[GIVEN DATA]
*** Block opens ***

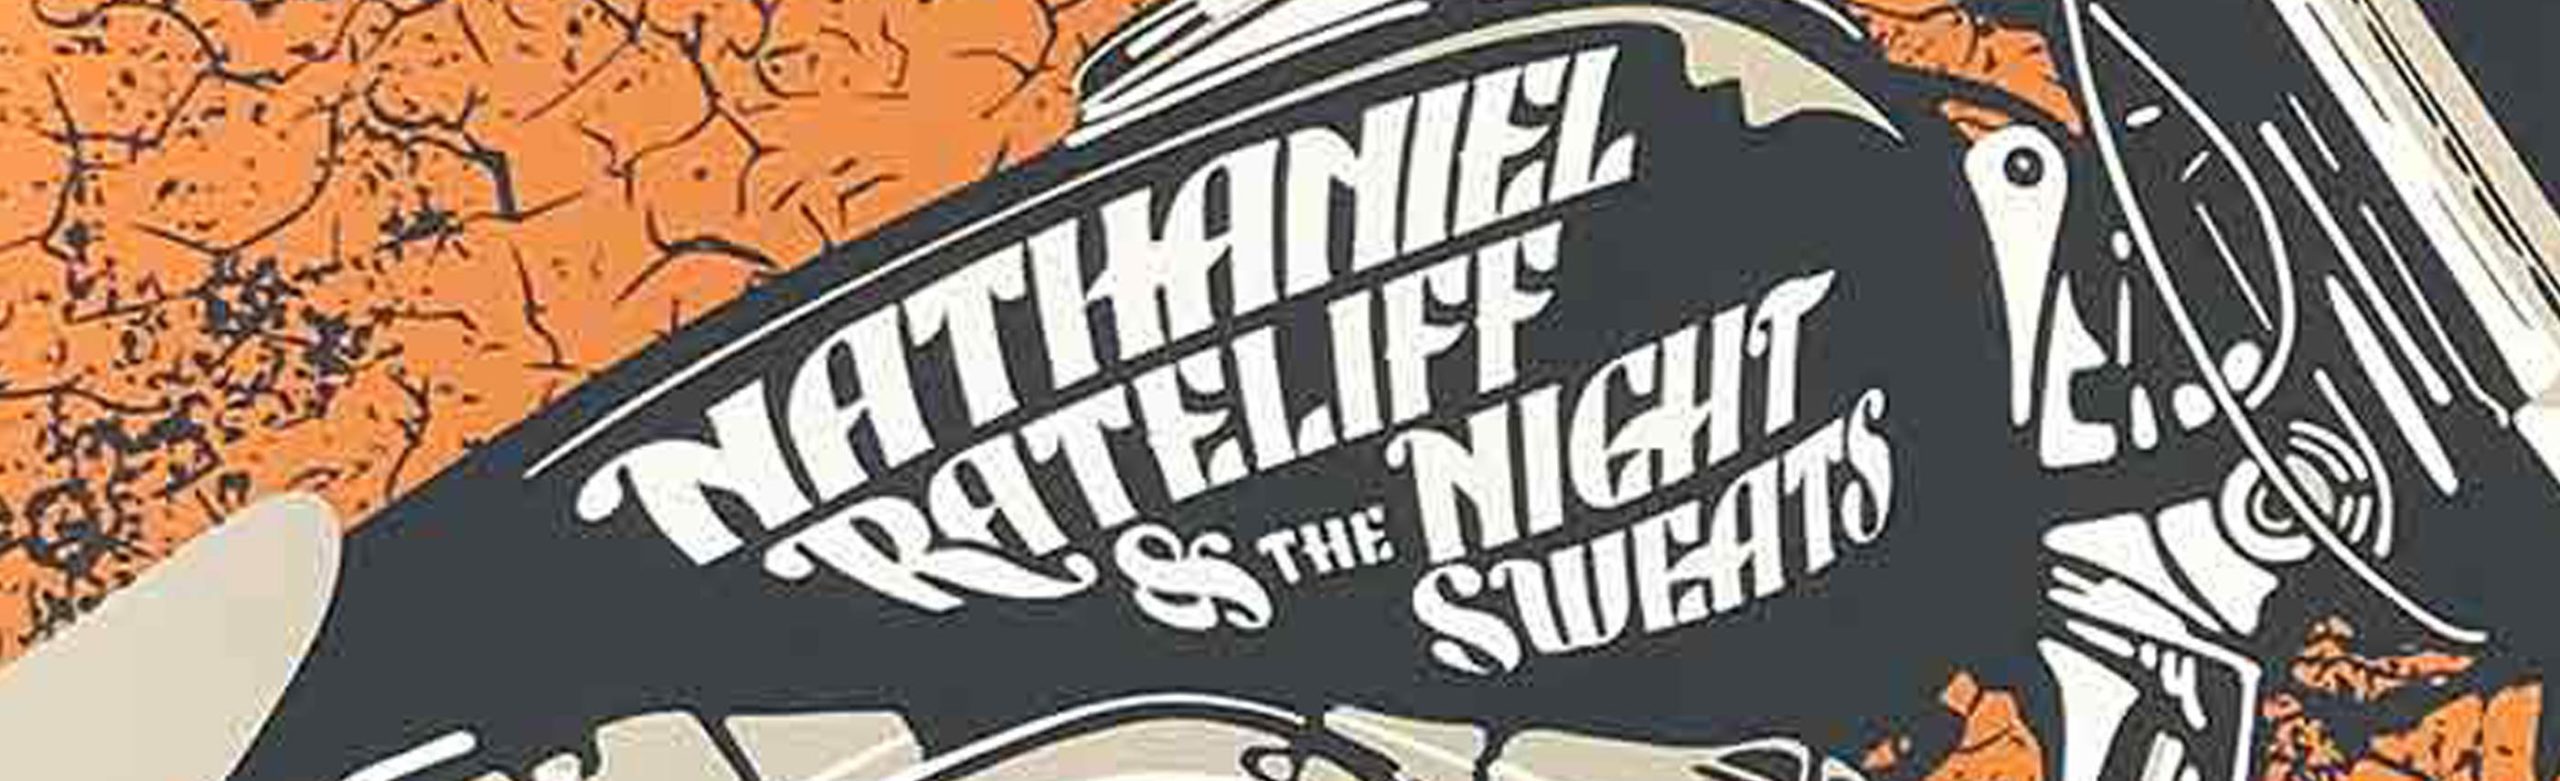 Custom Limited Edition Screenprint for Nathaniel Rateliff & The Night Sweats Image
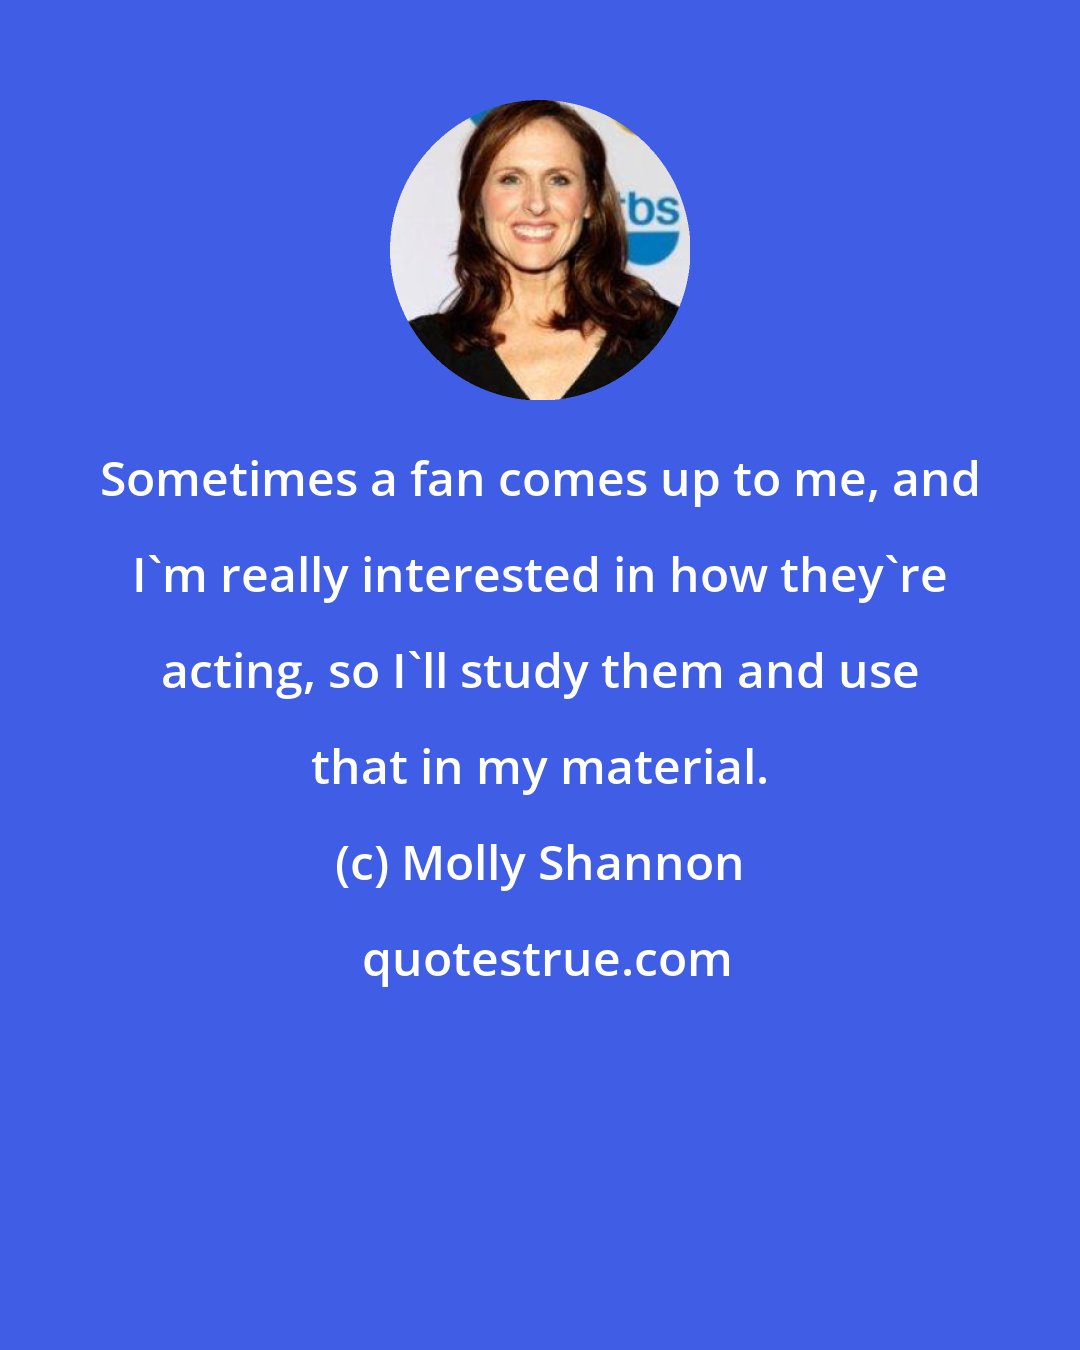 Molly Shannon: Sometimes a fan comes up to me, and I'm really interested in how they're acting, so I'll study them and use that in my material.
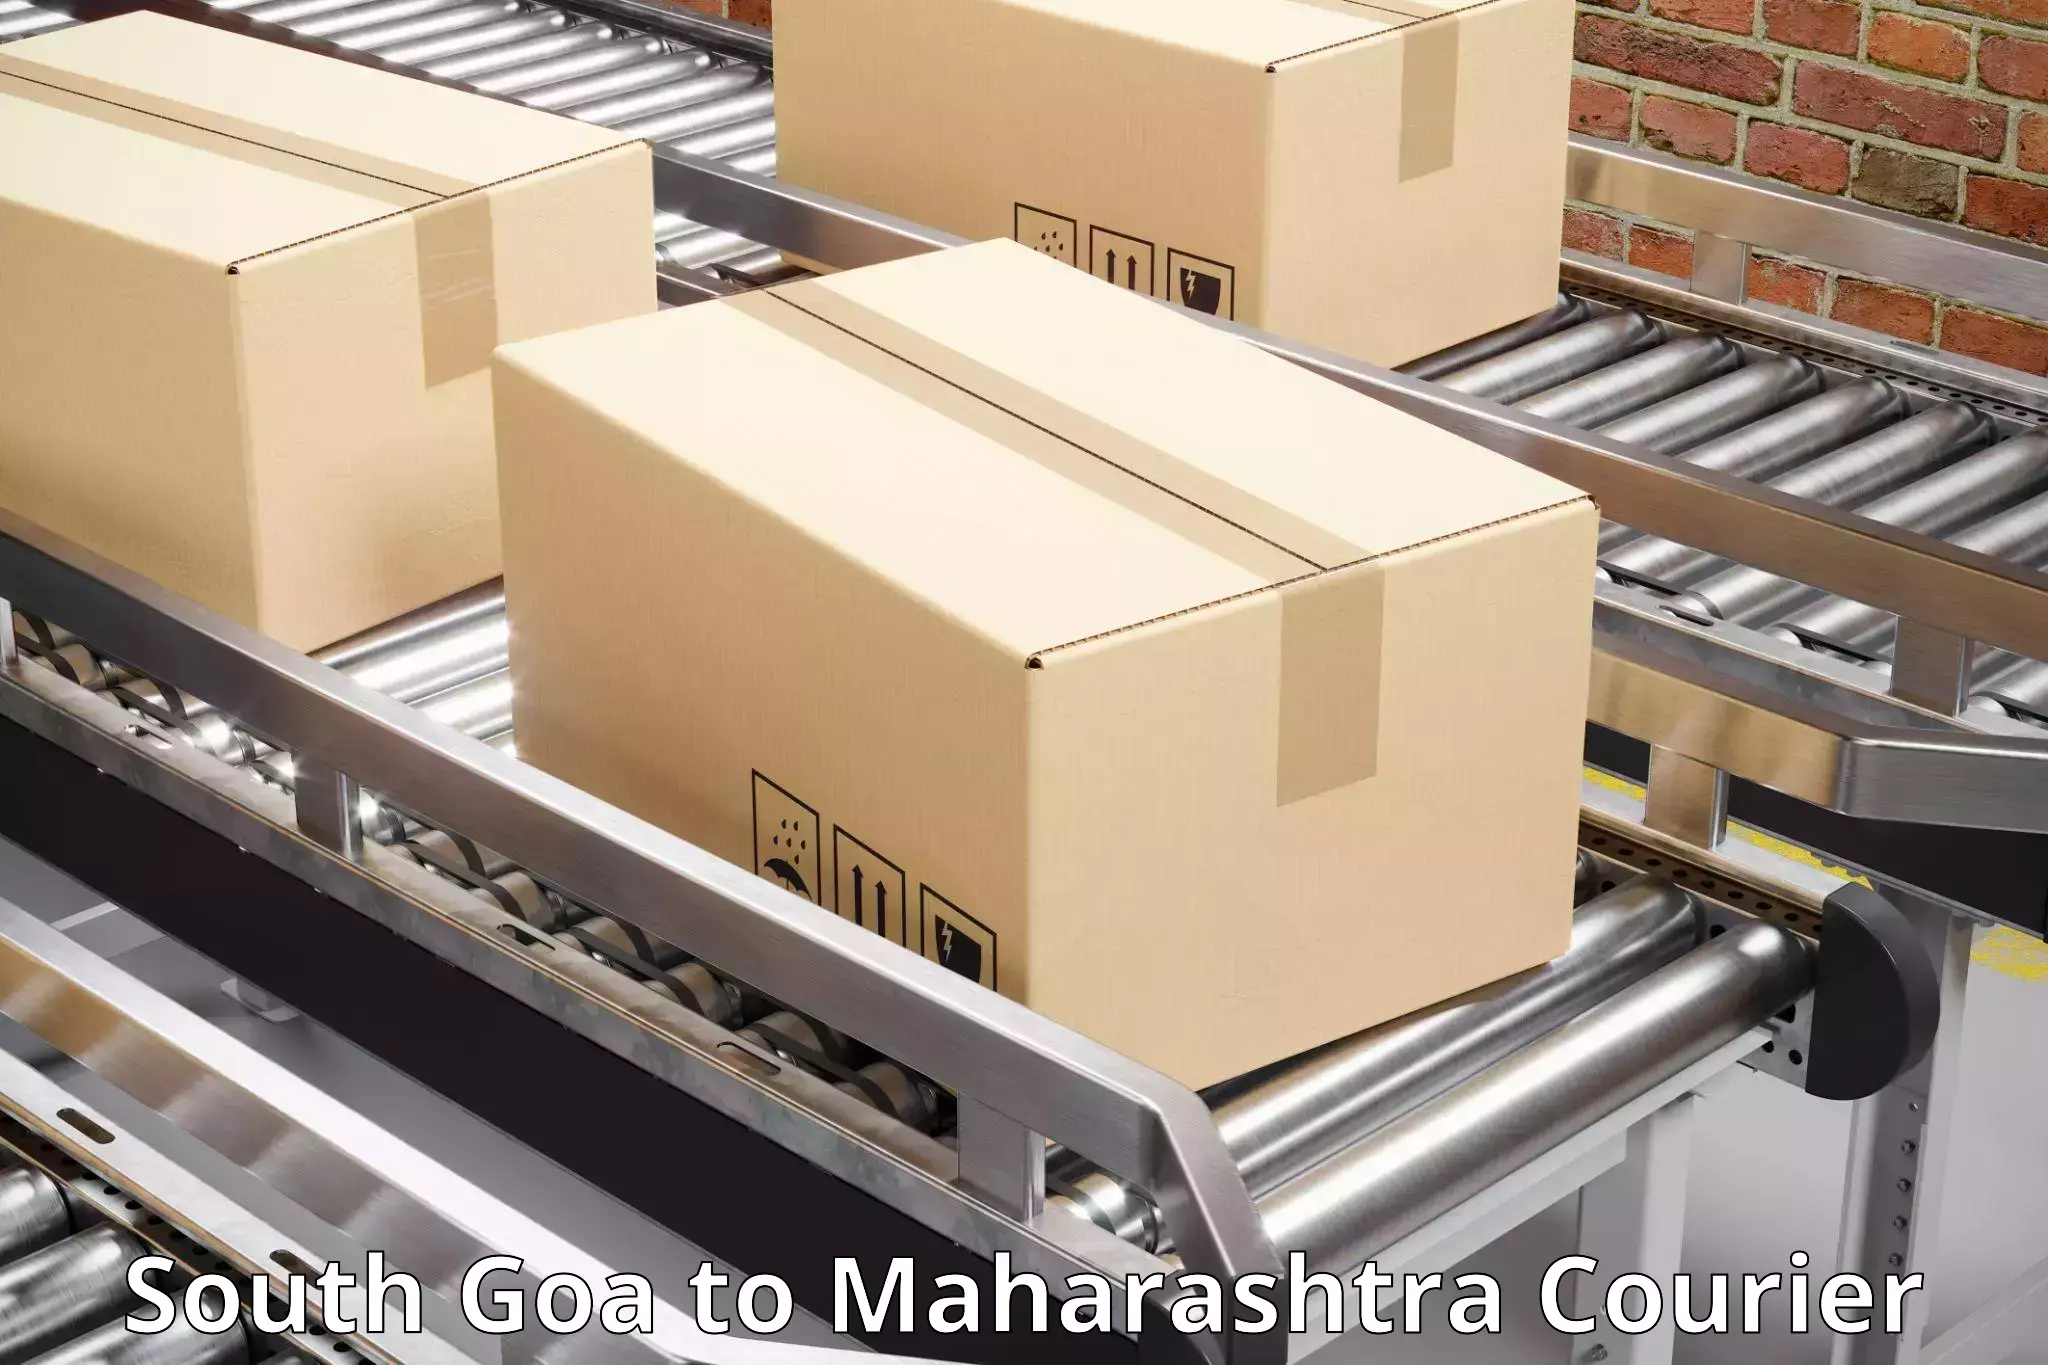 Quality courier services in South Goa to Ahmednagar

*** Block closes ***

The full listing must come back exactly as written, with its pictures left out.

 Custom Limited Edition Screenprint for Nathaniel Rateliff & The Night Sweats Image
 Molly Shannon: Sometimes a fan comes up to me, and I'm really interested in how they're acting, so I'll study them and use that in my material.
 Quality courier services in South Goa to Ahmednagar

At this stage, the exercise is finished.